---------- Collected material

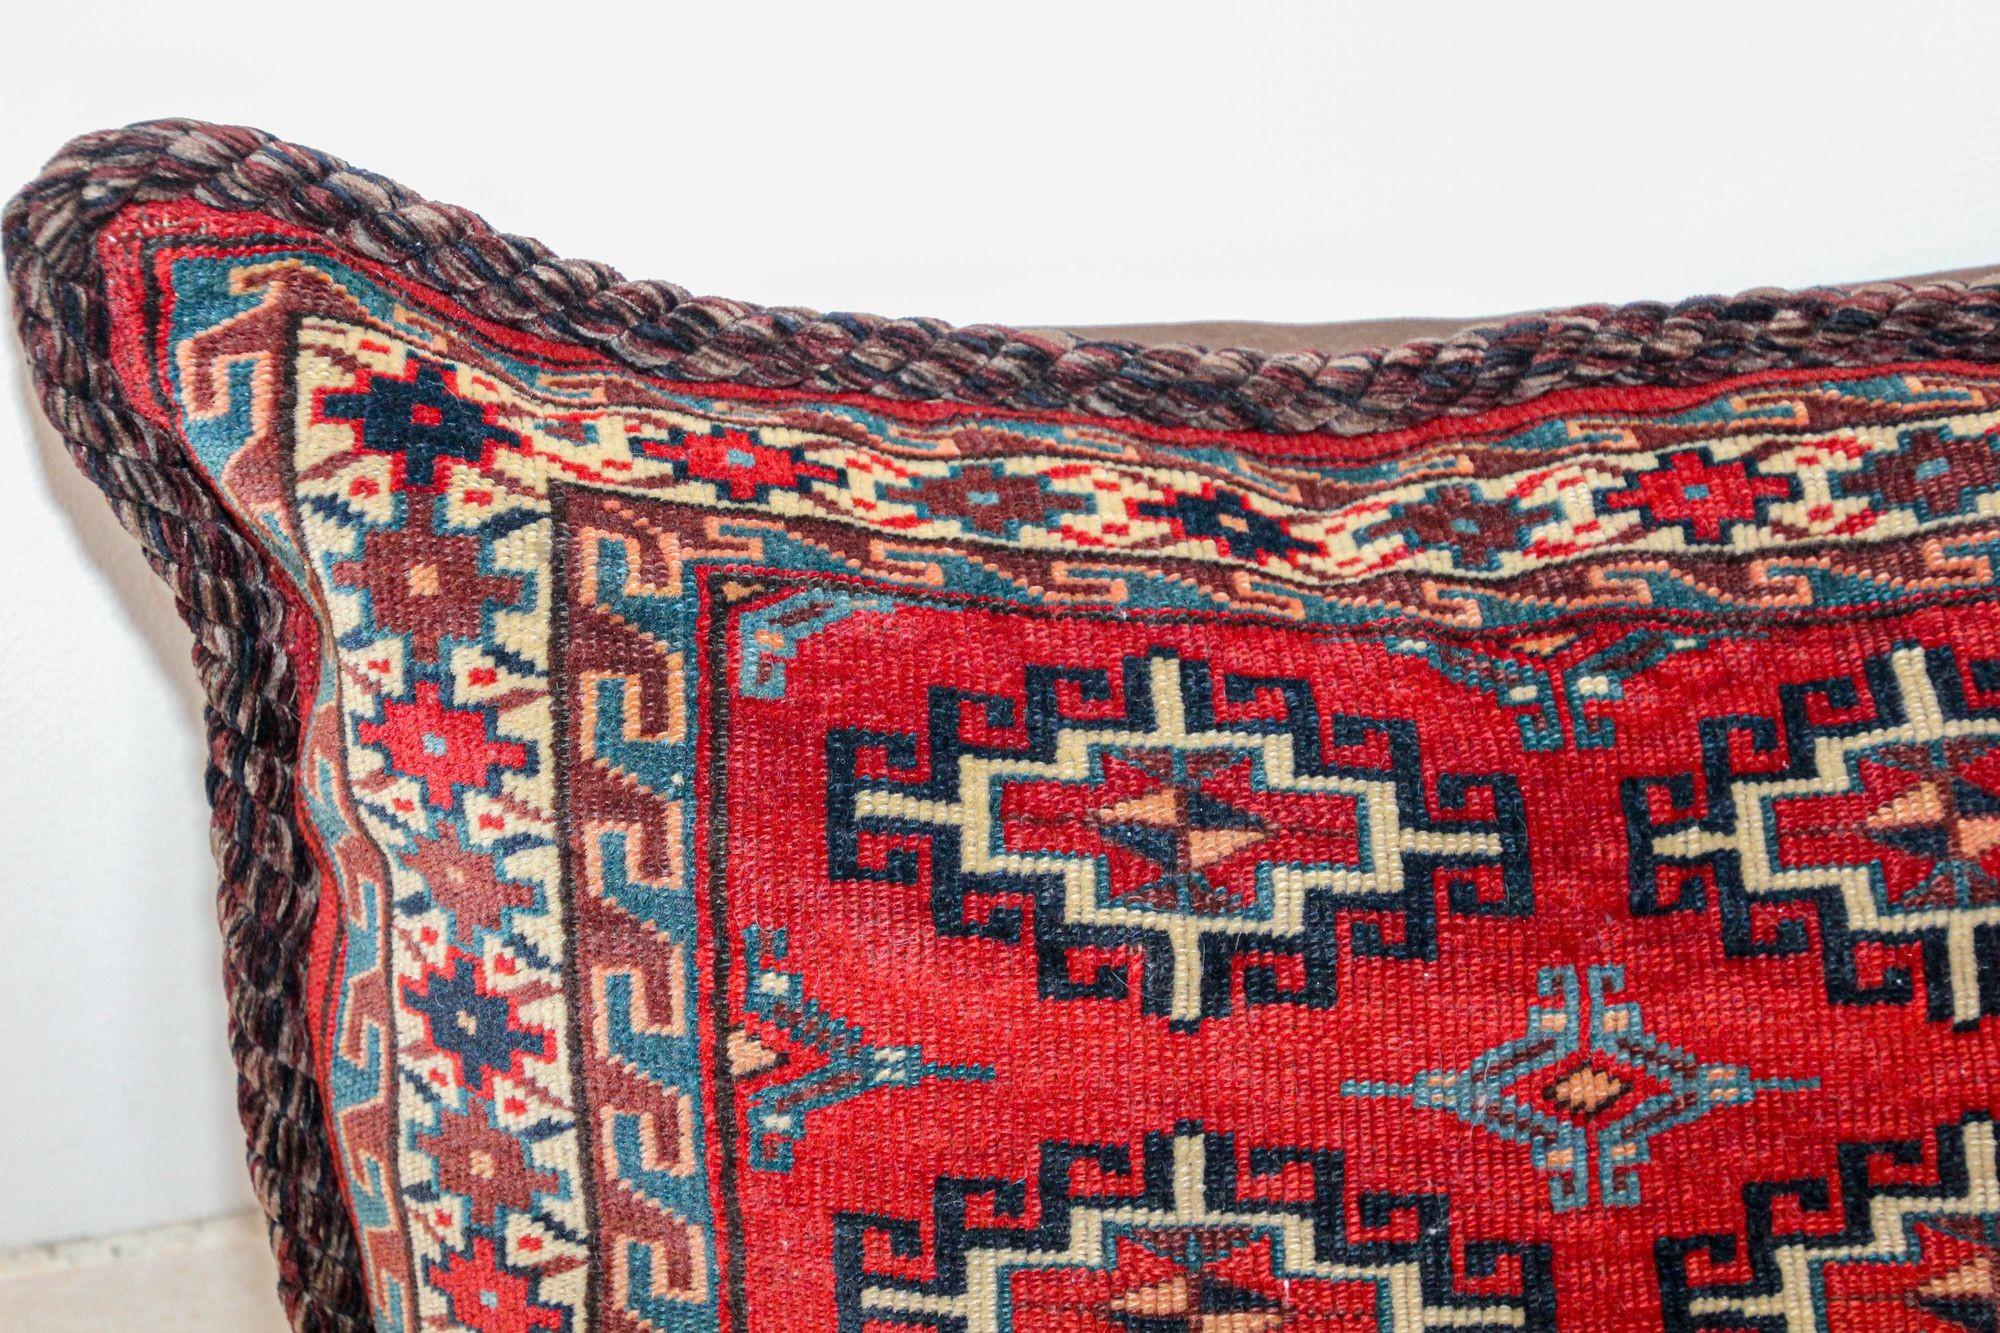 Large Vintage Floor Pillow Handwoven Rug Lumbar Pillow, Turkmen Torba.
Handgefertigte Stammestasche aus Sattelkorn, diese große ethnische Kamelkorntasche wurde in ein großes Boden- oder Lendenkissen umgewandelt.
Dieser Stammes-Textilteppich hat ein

--------------------

§ Work request
Transcribe the listing above in full. Pictures are not part of the copy.

§ Your response
 Large Vintage Floor Pillow Handwoven Rug Lumbar Pillow, Turkmen Torba.
Handgefertigte Stammestasche aus Sattelkorn, diese große ethnische Kamelkorntasche wurde in ein großes Boden- oder Lendenkissen umgewandelt.
Dieser Stammes-Textilteppich hat ein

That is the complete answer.